● **INPUT MATERIAL**:
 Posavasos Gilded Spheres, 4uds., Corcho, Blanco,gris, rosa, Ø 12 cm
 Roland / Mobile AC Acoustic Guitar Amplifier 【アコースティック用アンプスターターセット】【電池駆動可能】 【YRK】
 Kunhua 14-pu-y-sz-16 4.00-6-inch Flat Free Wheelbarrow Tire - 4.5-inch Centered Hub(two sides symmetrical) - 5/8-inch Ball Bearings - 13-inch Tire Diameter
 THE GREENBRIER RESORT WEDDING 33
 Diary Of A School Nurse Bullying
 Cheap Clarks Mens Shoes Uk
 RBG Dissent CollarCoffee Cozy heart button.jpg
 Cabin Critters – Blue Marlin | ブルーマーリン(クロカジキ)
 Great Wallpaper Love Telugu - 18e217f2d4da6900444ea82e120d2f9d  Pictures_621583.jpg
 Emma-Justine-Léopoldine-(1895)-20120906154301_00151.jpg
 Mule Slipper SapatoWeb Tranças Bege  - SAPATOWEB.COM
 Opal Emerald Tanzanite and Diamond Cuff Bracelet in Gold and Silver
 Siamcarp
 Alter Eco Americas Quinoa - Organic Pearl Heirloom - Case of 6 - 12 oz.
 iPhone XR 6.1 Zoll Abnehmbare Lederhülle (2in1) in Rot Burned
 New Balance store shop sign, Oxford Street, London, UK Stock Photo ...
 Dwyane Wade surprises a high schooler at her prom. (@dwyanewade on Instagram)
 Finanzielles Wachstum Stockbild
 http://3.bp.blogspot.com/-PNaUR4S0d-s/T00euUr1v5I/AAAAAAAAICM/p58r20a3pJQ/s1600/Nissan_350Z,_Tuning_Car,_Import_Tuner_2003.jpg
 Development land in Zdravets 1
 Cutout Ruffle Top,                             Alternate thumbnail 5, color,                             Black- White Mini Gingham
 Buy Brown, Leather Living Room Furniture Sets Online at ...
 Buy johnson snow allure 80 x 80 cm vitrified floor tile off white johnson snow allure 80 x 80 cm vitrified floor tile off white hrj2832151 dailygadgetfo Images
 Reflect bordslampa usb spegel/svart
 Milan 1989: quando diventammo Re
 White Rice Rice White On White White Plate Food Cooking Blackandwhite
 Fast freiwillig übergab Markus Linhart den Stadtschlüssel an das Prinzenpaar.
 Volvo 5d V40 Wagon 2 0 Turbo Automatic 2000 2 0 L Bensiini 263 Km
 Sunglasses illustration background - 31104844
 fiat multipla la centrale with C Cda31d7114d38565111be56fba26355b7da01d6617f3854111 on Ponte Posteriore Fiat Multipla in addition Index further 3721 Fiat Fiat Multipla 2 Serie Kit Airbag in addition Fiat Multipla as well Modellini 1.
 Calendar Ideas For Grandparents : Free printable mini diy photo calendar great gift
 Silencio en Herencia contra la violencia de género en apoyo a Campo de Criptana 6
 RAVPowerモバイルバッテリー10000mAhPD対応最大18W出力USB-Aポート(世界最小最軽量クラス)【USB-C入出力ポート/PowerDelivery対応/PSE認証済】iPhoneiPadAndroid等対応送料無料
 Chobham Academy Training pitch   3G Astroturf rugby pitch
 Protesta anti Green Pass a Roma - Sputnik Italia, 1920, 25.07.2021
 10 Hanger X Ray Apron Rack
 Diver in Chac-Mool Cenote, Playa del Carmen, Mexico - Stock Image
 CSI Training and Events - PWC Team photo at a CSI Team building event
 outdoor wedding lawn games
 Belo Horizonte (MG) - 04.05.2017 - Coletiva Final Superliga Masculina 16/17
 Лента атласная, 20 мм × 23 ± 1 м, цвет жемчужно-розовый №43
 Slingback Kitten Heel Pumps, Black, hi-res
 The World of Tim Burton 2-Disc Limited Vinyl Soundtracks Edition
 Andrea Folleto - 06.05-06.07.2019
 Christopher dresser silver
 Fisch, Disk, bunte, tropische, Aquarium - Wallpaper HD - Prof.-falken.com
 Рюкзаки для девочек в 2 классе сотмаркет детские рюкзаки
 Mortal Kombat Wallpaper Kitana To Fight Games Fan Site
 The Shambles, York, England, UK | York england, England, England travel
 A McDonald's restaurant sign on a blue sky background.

● **EXERCISE BRIEF**: Return exactly the run of lines that opens with the one containing "Slingback Kitten Heel Pumps, Black, hi-res" and closes with the last line of the records above.

● **TASK SOLUTION**:
 Slingback Kitten Heel Pumps, Black, hi-res
 The World of Tim Burton 2-Disc Limited Vinyl Soundtracks Edition
 Andrea Folleto - 06.05-06.07.2019
 Christopher dresser silver
 Fisch, Disk, bunte, tropische, Aquarium - Wallpaper HD - Prof.-falken.com
 Рюкзаки для девочек в 2 классе сотмаркет детские рюкзаки
 Mortal Kombat Wallpaper Kitana To Fight Games Fan Site
 The Shambles, York, England, UK | York england, England, England travel
 A McDonald's restaurant sign on a blue sky background.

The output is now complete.